══ Records to use ══

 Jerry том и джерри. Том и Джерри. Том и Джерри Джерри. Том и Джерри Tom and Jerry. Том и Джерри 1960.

═══
══ Records to use ══

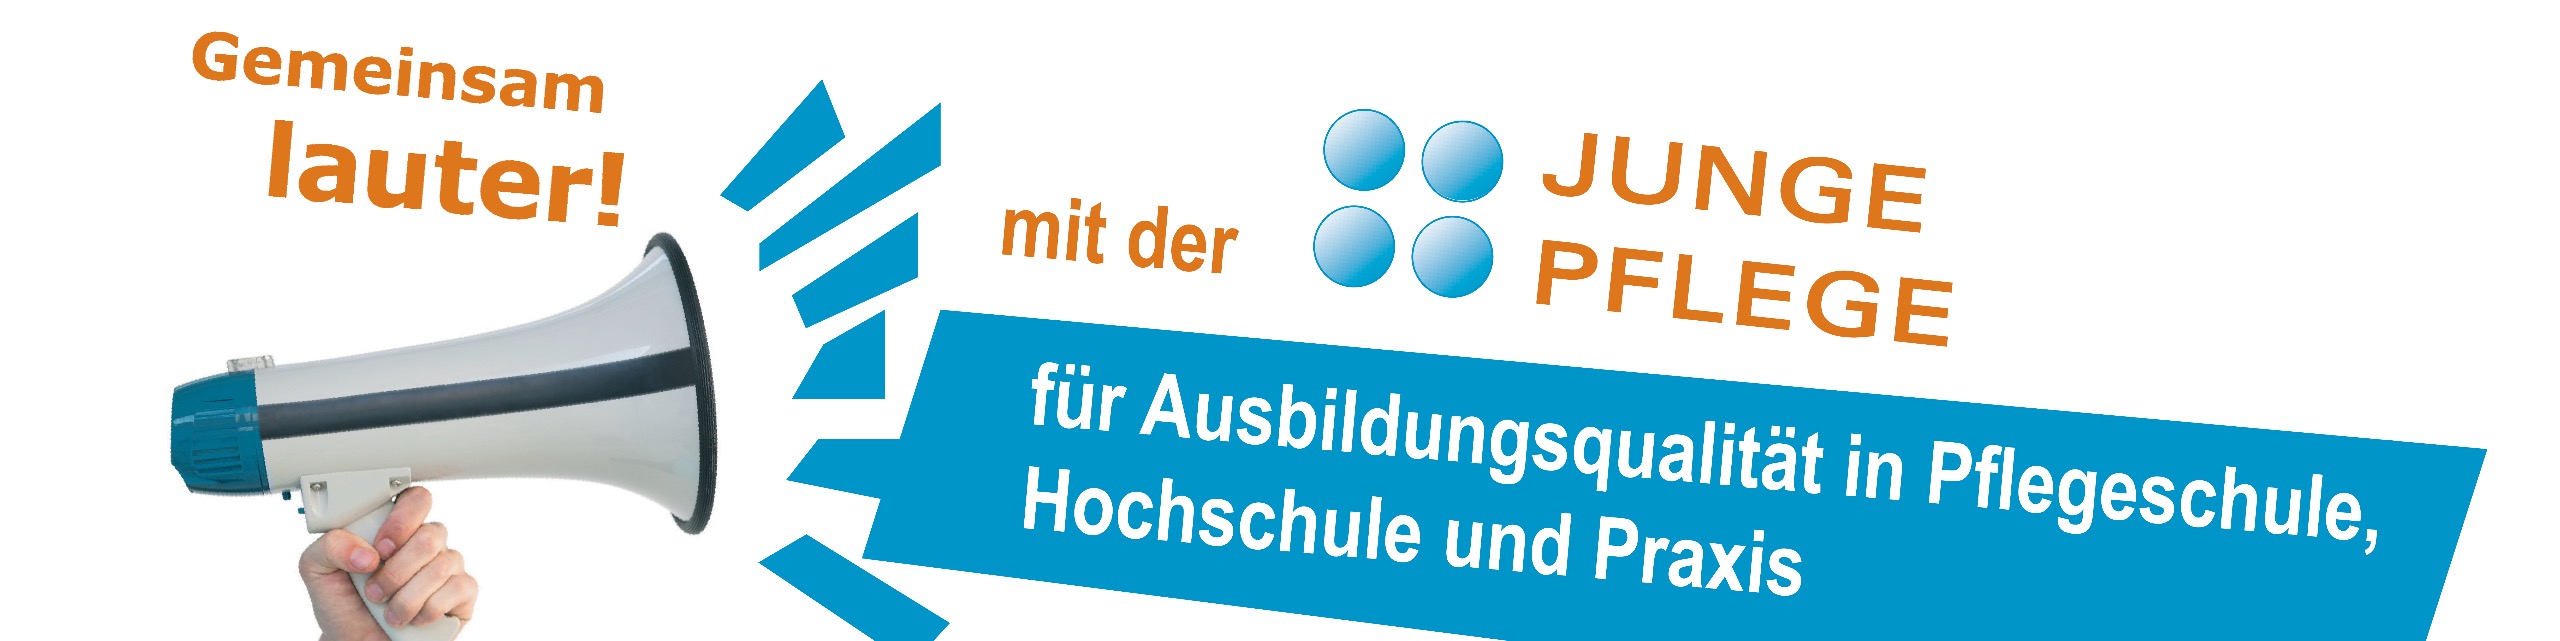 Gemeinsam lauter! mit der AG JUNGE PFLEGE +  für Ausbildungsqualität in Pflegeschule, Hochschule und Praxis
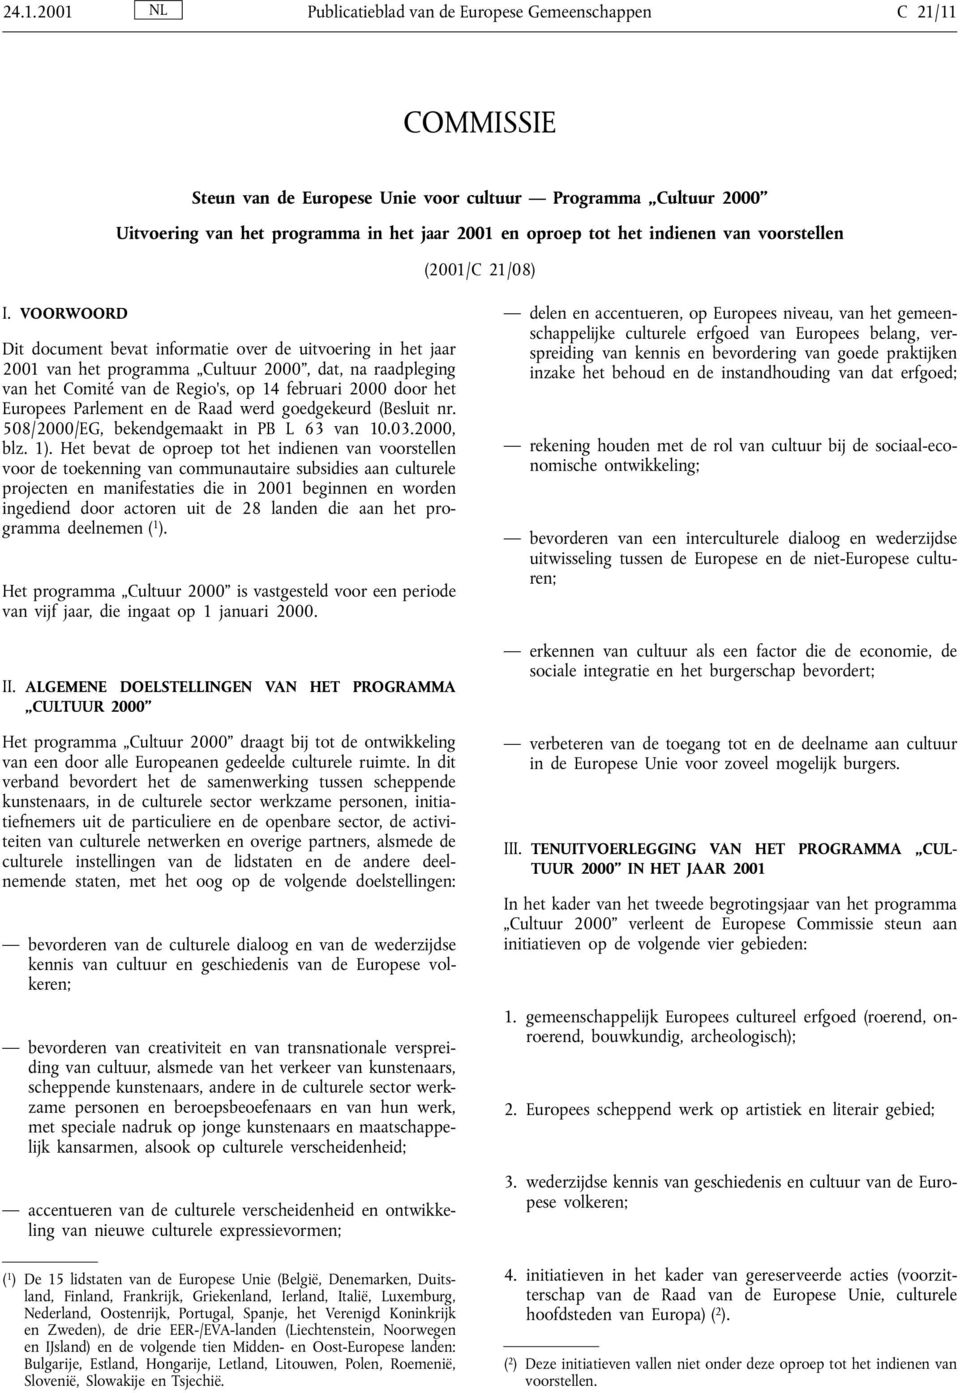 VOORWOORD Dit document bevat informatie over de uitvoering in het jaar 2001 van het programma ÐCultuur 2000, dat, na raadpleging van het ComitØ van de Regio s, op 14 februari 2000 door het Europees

═══

◆ Task instructions
Within the listing above, the lines from the one with "Gemeinsam lauter! mit" through the one with "VOORWOORD Dit document" are to be given again word for word. Do not include pictures.

◆ Task output
 Gemeinsam lauter! mit der AG JUNGE PFLEGE +  für Ausbildungsqualität in Pflegeschule, Hochschule und Praxis
 VOORWOORD Dit document bevat informatie over de uitvoering in het jaar 2001 van het programma ÐCultuur 2000, dat, na raadpleging van het ComitØ van de Regio s, op 14 februari 2000 door het Europees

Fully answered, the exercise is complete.